The larger point I’m trying to make is this. One of the most important practices that enables early and continuous delivery of valuable software is making sure that your system is always working. The best way for developers to contribute to this goal is by ensuring they minimize the risk that any given change they make to the system will break it. This is achieved by keeping changes small, continuously integrating them into mainline, and making sure there is a comprehensive suite of automated tests to verify that changes behave as expected and don’t introduce any regressions.

What about feature toggles?

See how I haven’t even mentioned feature toggles yet? Feature toggles don’t even come into play unless you have a complete, user-visible feature that you don’t want to appear in your next release. In this situation, the feature-branch alternative is to keep your feature branch unmerged until after your release. Unless you’re doing continuous deployment, or working on a small and experienced team, this is a painful and risky proposition.

However another (perhaps more important) use of feature toggles is to reduce the risk of release, and to increase the resilience of your production systems. The most important part of release planning is working out what to do when things go wrong (this is known as “remediation” in ITIL circles). Re-deploying an old version is usually what people opt for, but having the ability to turn off problem features without rolling back the whole release is a less risky approach. In terms of resilience, an important technique is the ability to gracefully degrade your service under load (see John Allspaw’s 40m talk at USI for a masterful discussion of creating resilient systems). Feature toggles provide an excellent mechanism for doing this.

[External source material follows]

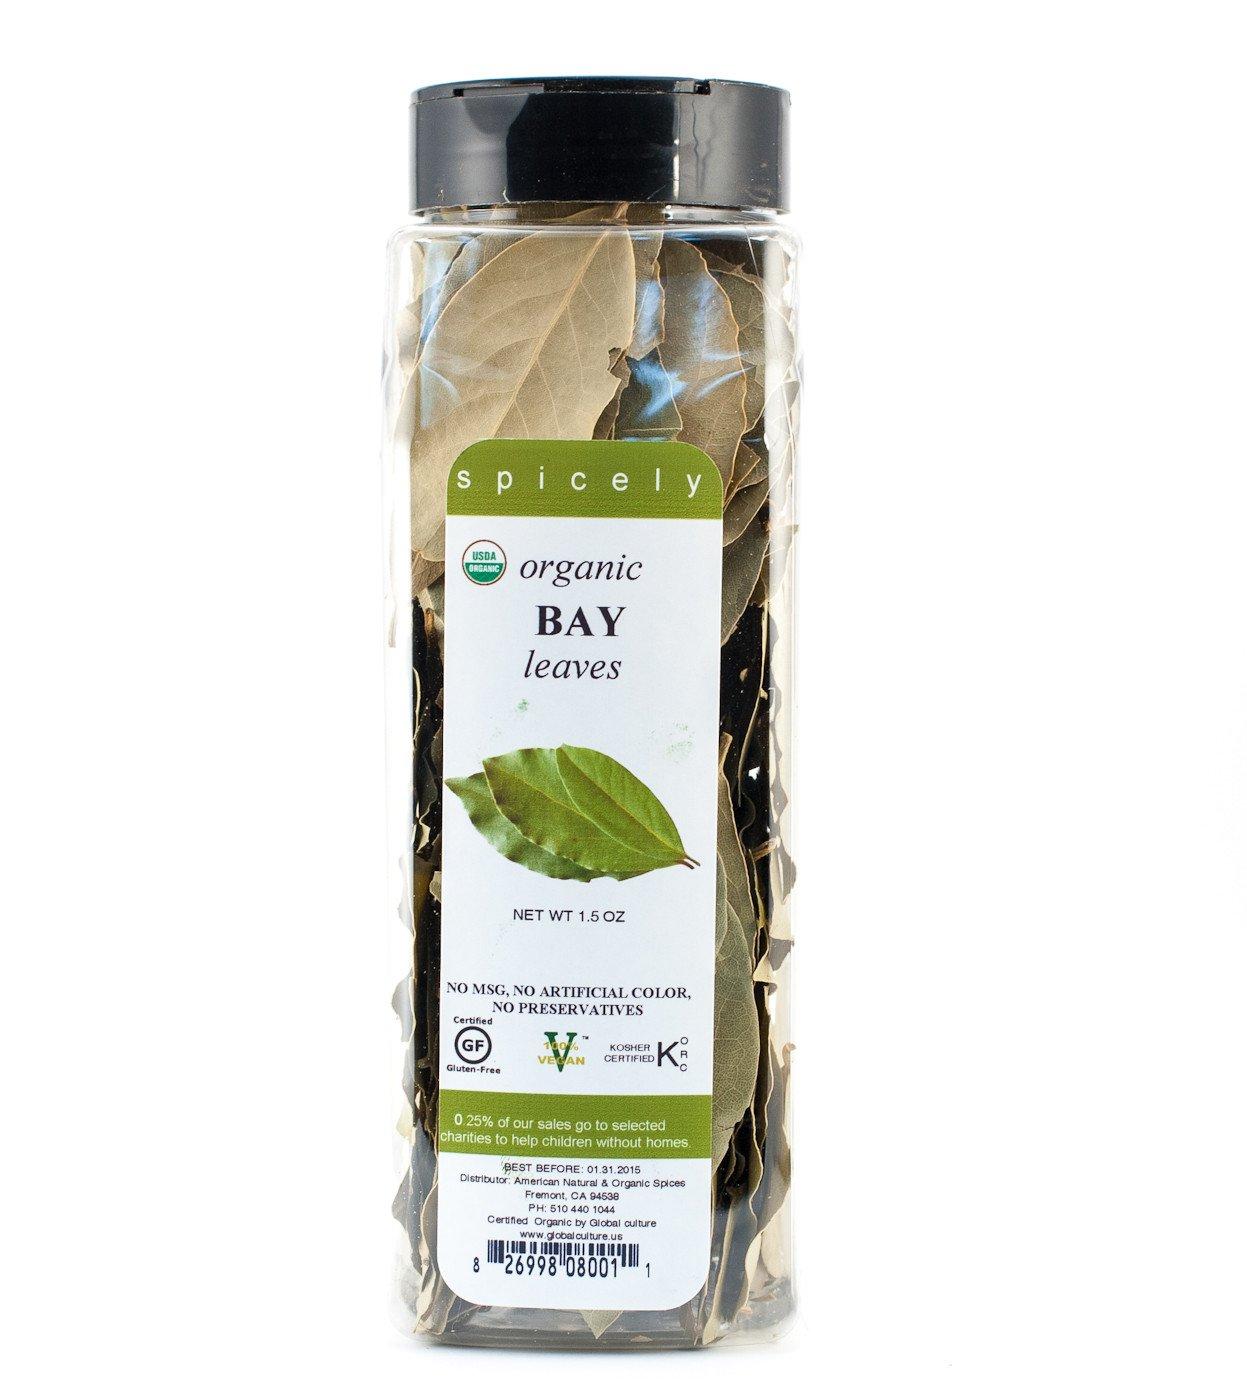 Spicely Organics, Bay Leaves, Turkish, 1.5 oz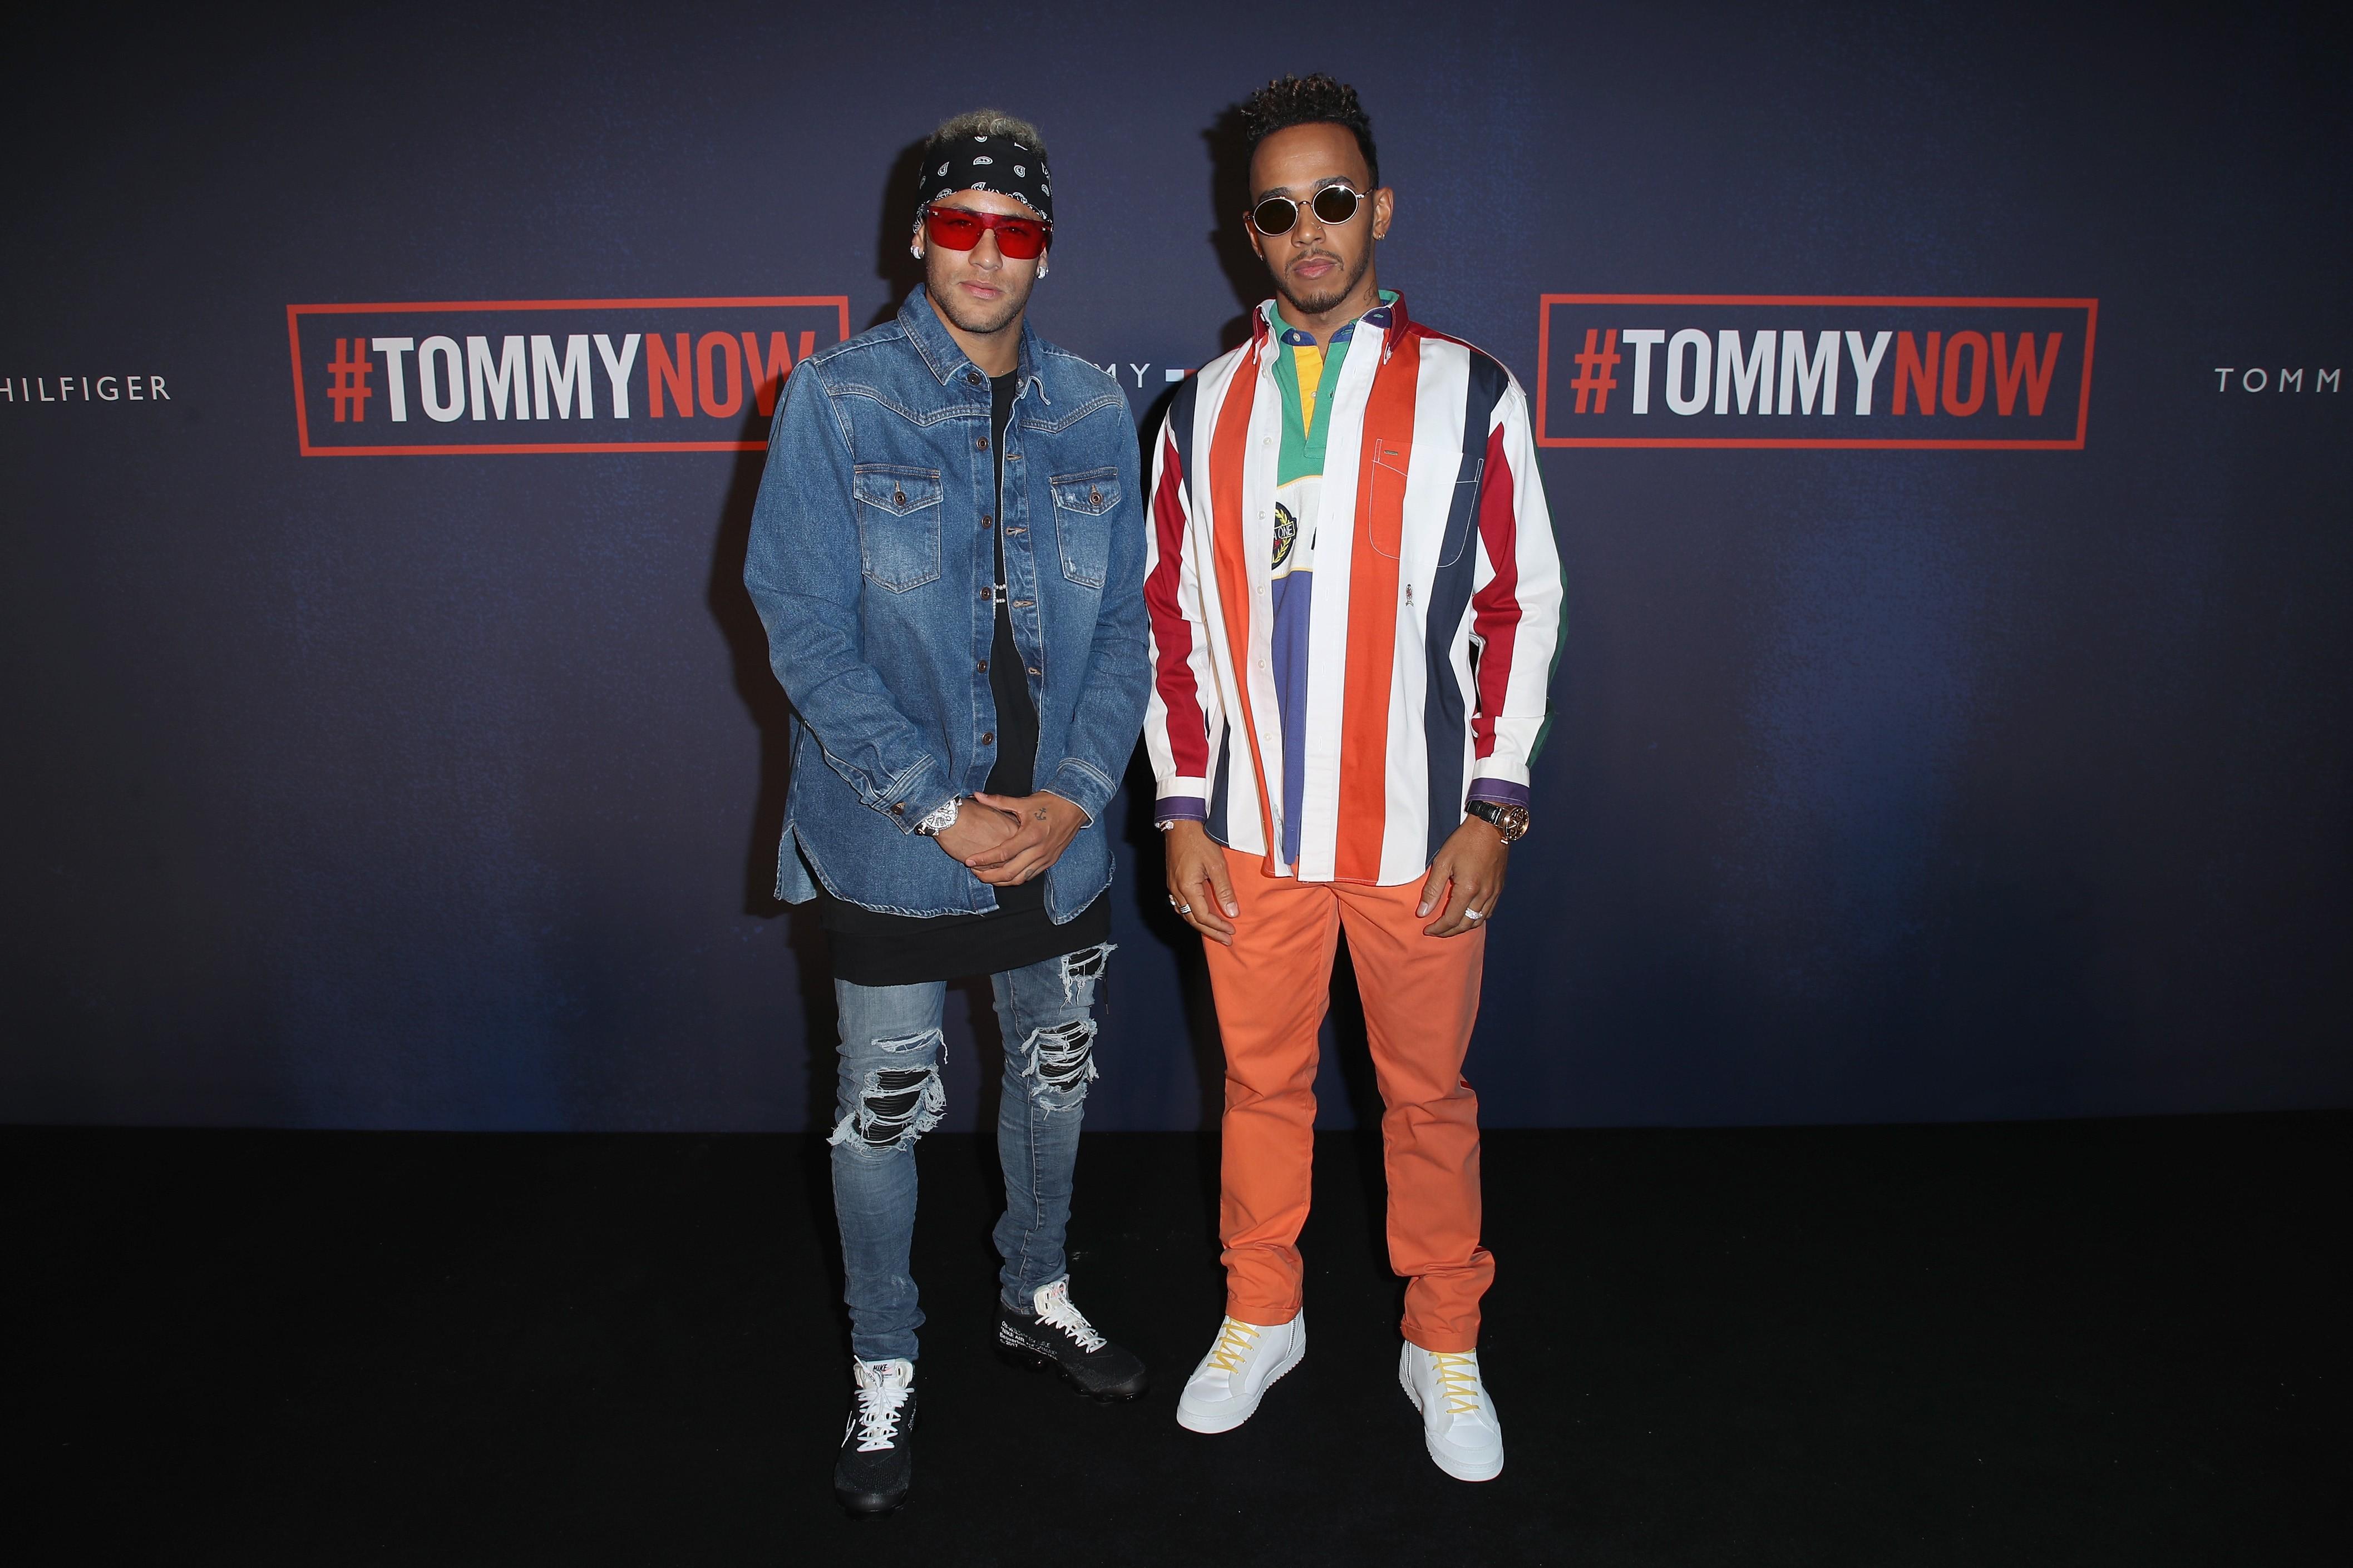 Neymar e Lewis Hamilton no desfile da Tommy Hilfiger (Foto: Mike Marsland/Getty Images)

For people who are skeptical about feature toggles, or interested in finding out more, I highly recommend that you look at Facebook’s video on release management (look for the section on “Gatekeeper”). Sarah Taraporewalla also just wrote an experience report on using feature toggles.

What about cherry picking?

Some people recommend keeping features out of mainline until they’re ready to be released, perhaps keeping them on a development branch that developers check in to, and then cherry-picking them in. However assuming you’re following the guidelines I provide above and your stories are small, the need to take features out is very much the exceptional case, not the normal case.

Furthermore, you then face all the problems that I mention elsewhere of getting from done to done done1 – the pain of integrating, regression testing, performance testing and so forth. With continuous delivery, you completely get rid of any integration or testing phases. In my experience, unless you have a small, experienced team working on a well-factored codebase with plenty of automated tests, these benefits massively outweigh the pain of occasionally having to take a feature out – and feature toggles provide a cheaper alternative if your analysis is done right.

Of course a key assumption here is that your stories are small and don’t spatter stuff all across the UI. I’ll be discussing analysis in the context of continuous delivery in my next blog post.

1 A feature that is dev complete is “done”. A feature that is released is “done done”. One of the axioms of continuous delivery is that much of the pain and risk in releasing software occurs after software is “done”, particularly if your work isn’t sitting on mainline and needs to be merged. Thus “saving” your work on a feature until it is “done” doesn’t really make sense. Some people recommend not merging until after a feature is tested and showcased, but this seriously exacerbates the problems described below without provide much additional benefit, since tested, showcased features are still not “done done” (consider the need to integrate your code and run regression tests, for example).
2 Spiking is the practice of writing some code that you will throw away to test out an idea. The output of a spike is knowledge.
3 I am not trying to imply you shouldn’t prototype the UI early on.